Reproduce the lines of the material exactly, excluding every image.
──────── Data below ────────
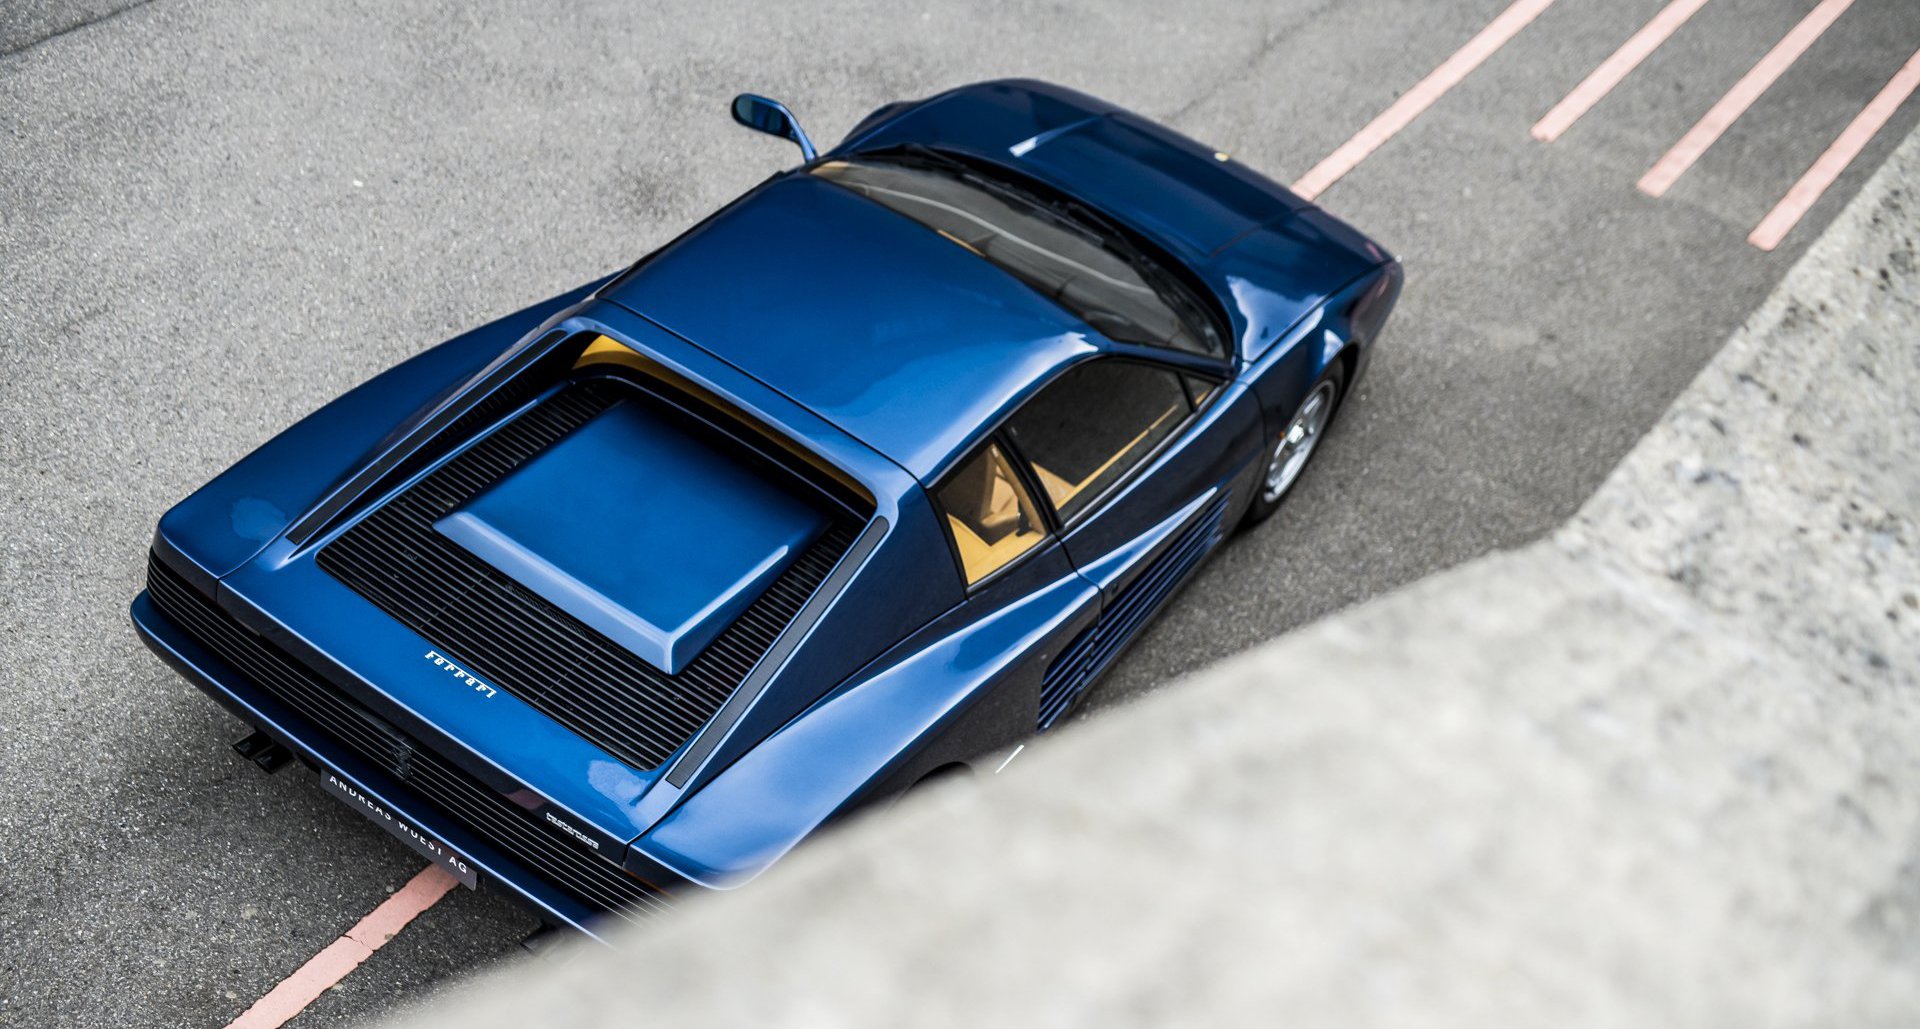 Why the most flamboyant Ferrari Testarossa is a blue 'Monospecchio'
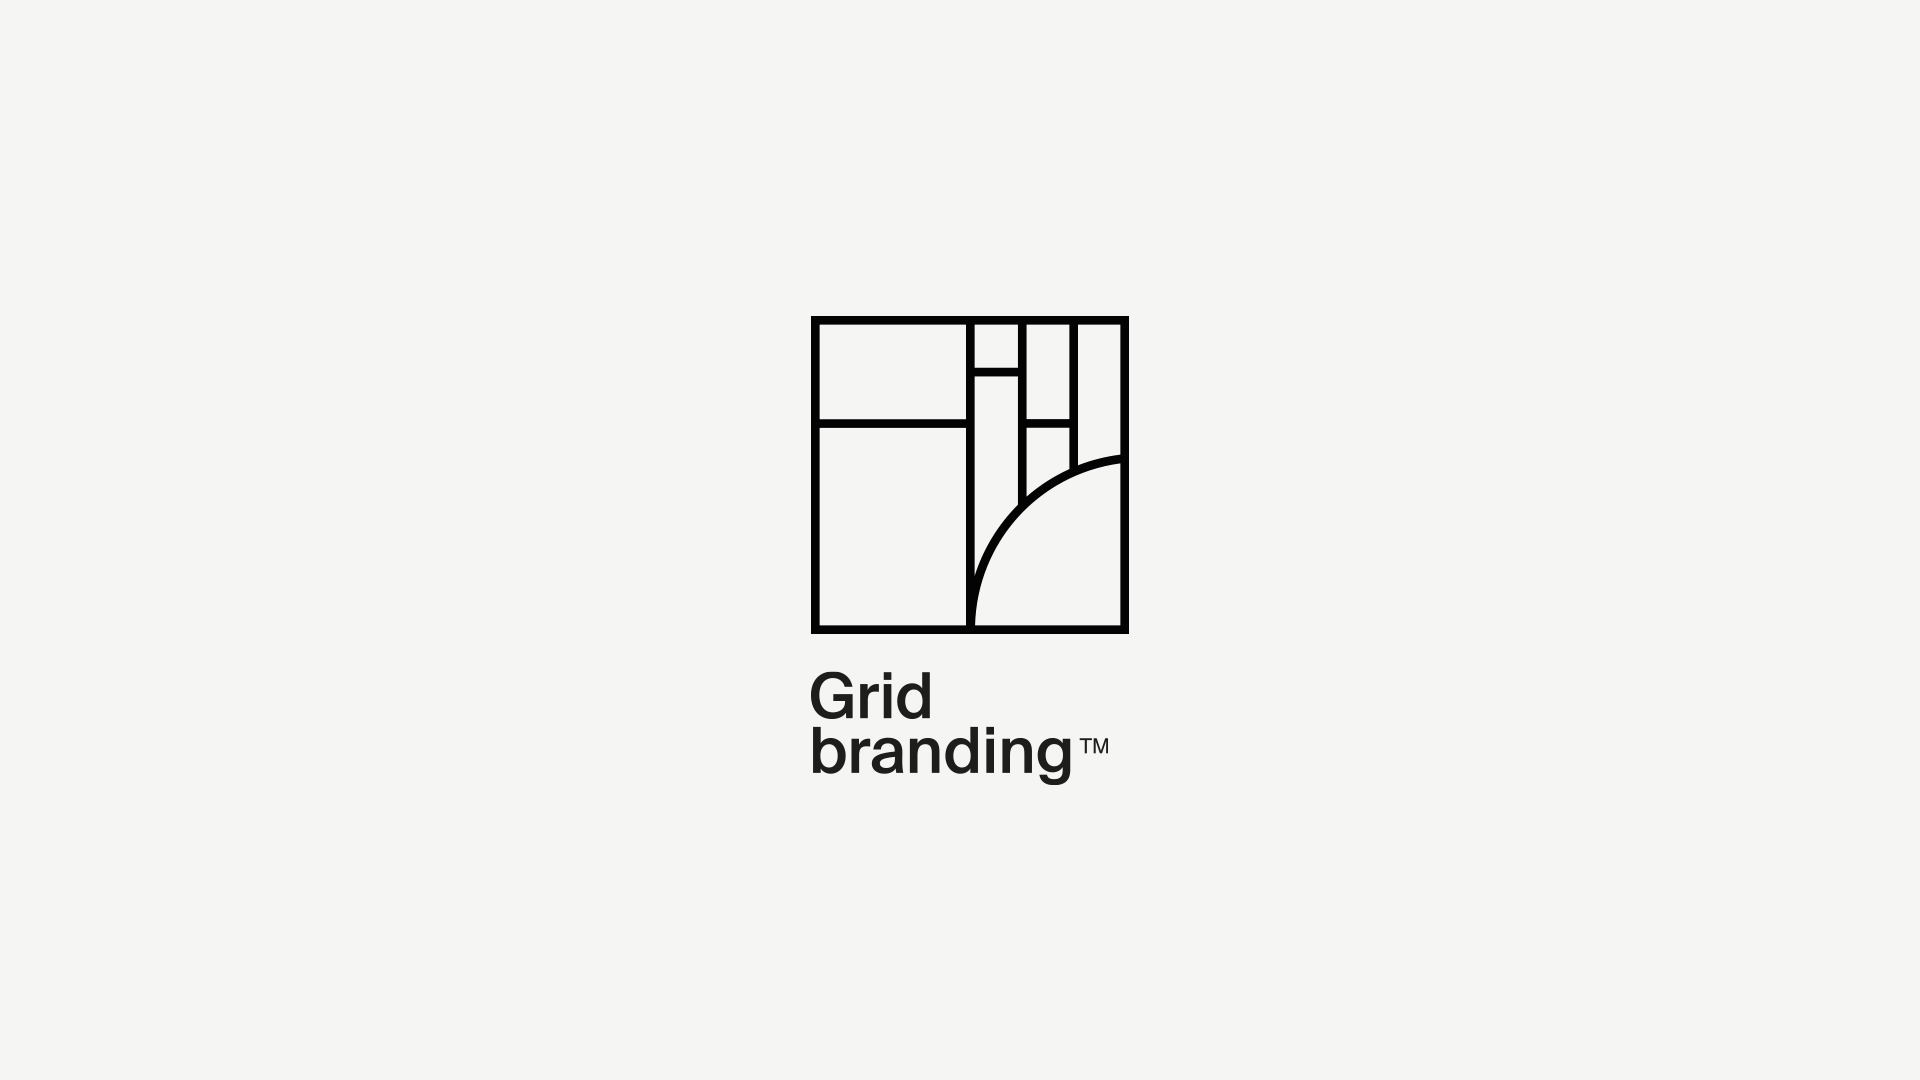 Grid branding
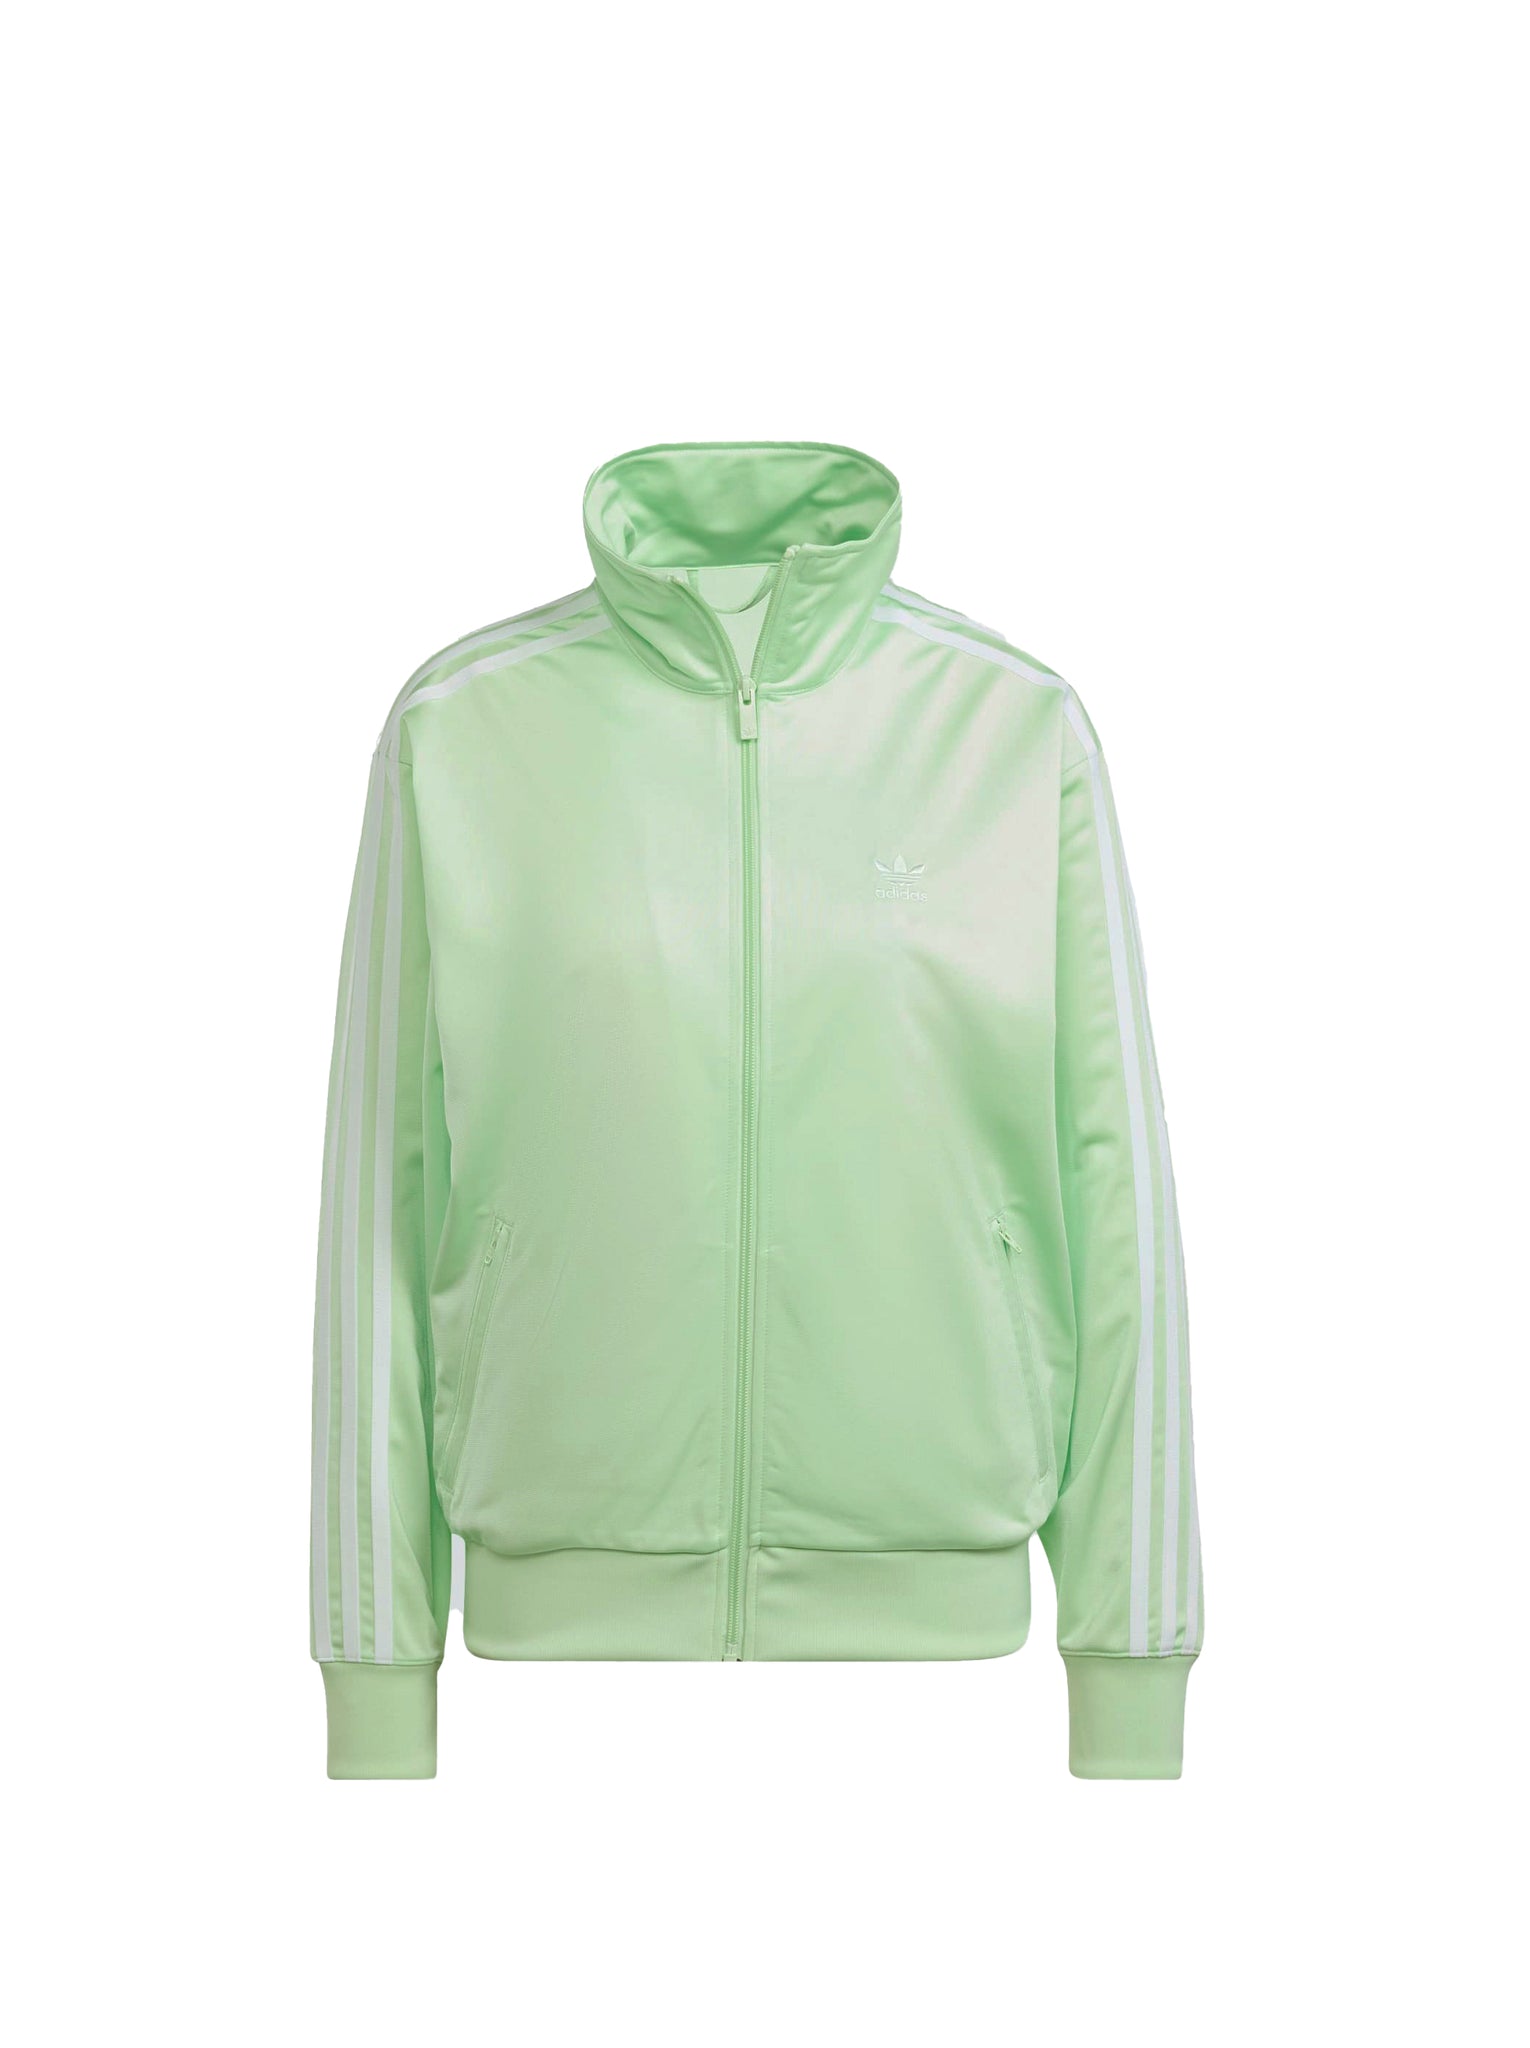 Adidas Firebird Tt Segrsp Aqua Green Women's Zip Sweatshirt
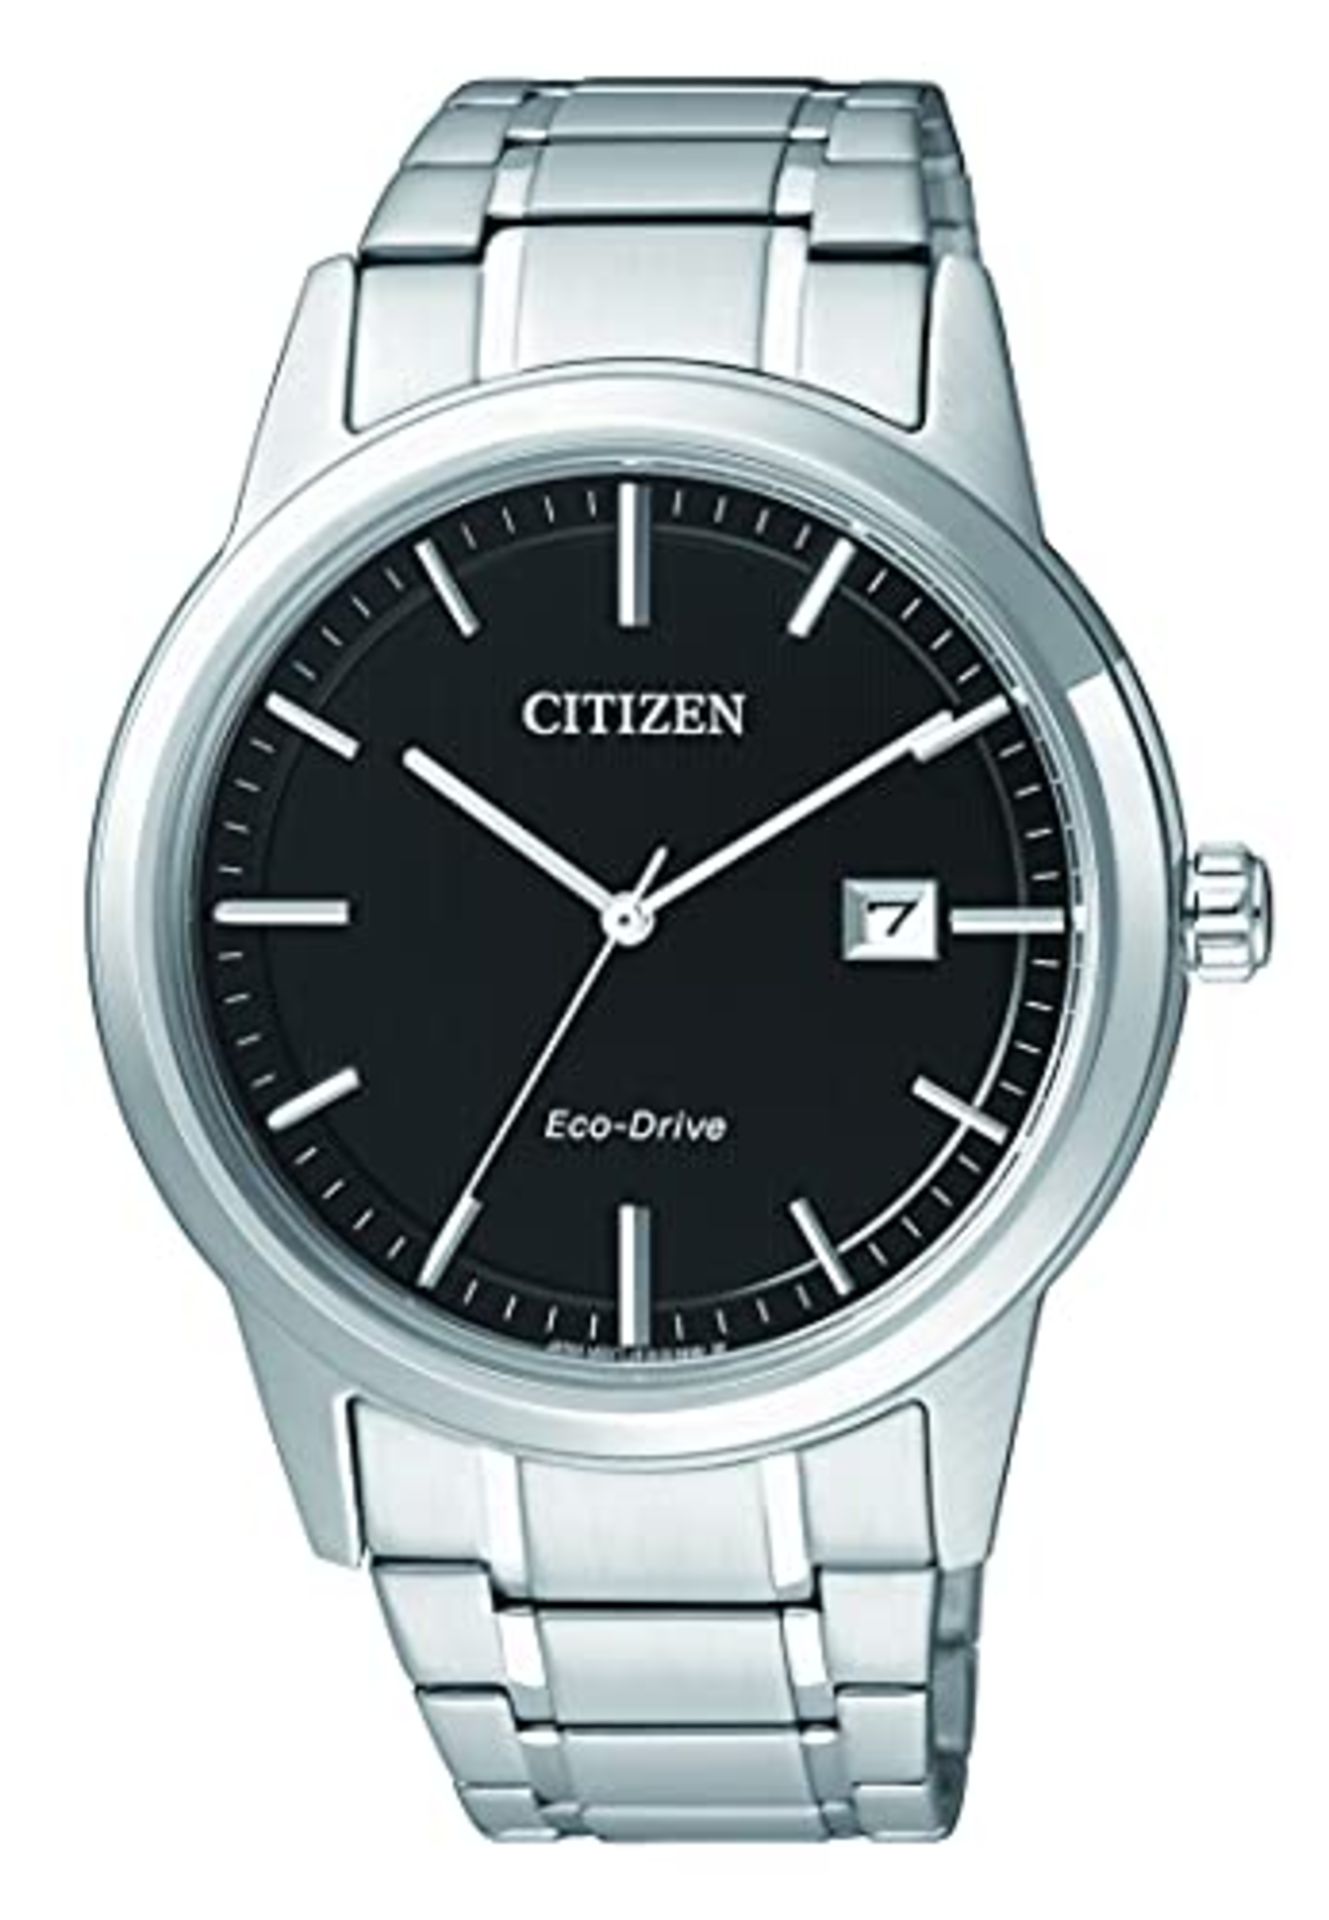 RRP £117.00 CITIZEN Men's Analog Quartz Watch with Stainless Steel Bracelet AW1231-07E, Black
────────
● **Answer**
 Why the most flamboyant Ferrari Testarossa is a blue 'Monospecchio'
 Grid branding
 Adidas Firebird Tt Segrsp Aqua Green Women's Zip Sweatshirt
 RRP £117.00 CITIZEN Men's Analog Quartz Watch with Stainless Steel Bracelet AW1231-07E, Black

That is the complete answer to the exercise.